This graph seems to me to reconcile aspects of legitimate skepticism with a devastating reality. Here’s the earth’s temperatures going back 11,000 years – far further than the 2,000 years previously viewed in popular culture as the “hockey stick”. You can see that stick at the far right of the following graph:
So, yes, the earth has been warmer than it now is while humans inhabited it. Yes, climate has shifted over the millennia, depending on a variety of non-human factors which could also be affecting us now. Yes, in the last half a millennium, we hit what was described as a mini-ice-age, bringing temperatures down to record lows for ten millennia. In 1683, for example, the river Thames was frozen completely for two months. Here’s a painting of the river in 1677, as the Little Ice Age, as we now call it, set in:
I can remember a cover-story in the New Republic predicting a new ice age in the 1980s – based on the long-term chilling of the planet. So you can see why those urging against hysteria have some historical climate variety to argue that change has always been here and that humans have lived on the planet for 2000 years and adapted to similar temperature variations before. So chill out, and keep drilling.

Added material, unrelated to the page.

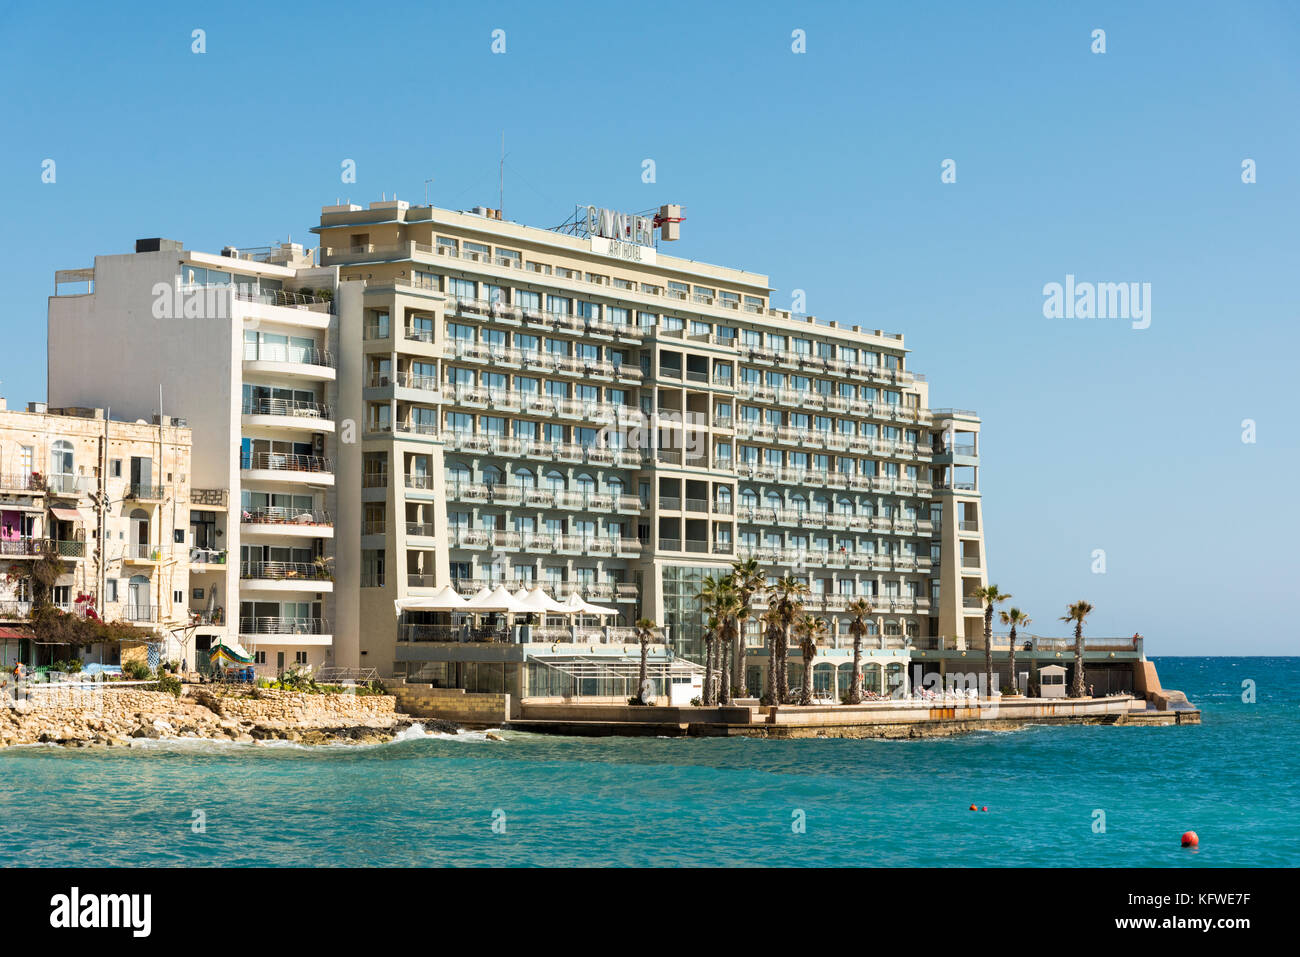 The Cavalieri Art Hotel at St Julians Bay Malta Stock Photo

The problem with that reassuring scenario, as Tim McDonnell points out, is that we have never before experienced this sudden rate of heating before ever – certainly not since humans developed agriculture. It’s getting close to a vertical line now, which suggests to me that the likelihood of feedback loops actually intensifying the heat has also gone up.To put it mildly, I can see no external reason why the earth’s temperature would have suddenly gone haywire in the last 500 years, without factoring in carbon, capitalism and the industrial revolution. For a while, that carbon actually warmed us up out of a millennial-long cooling. But now, it’s out of control. And if you begin to imagine the impact of every Chinese or Indian reaching the same level of prosperity as Western Europe, using the same carbon sources of energy, we are clearly putting the planet through a stress test never before imposed by its inhabitants.
To be perfectly frank, this graph shows our civilization to be unsustainable unless we dramatically alter its source of energy. Maybe we can adapt – in ways our ancestors did. But they were able to do so over much, much longer periods of time, and were not actually creating the situation.
We have become gods. And we are destroying what we inherited as a species. I do not have an answer, and suspect only a technological breakthrough in energy resources will make a difference real enough to stop this looming catastrophe. But that this isn’t the priority of every government on Earth right now (apart from Russia and Canada) is beyond me. And a carbon tax – the simplest clearest inhibitor of turning our planet into an oven – would be a start.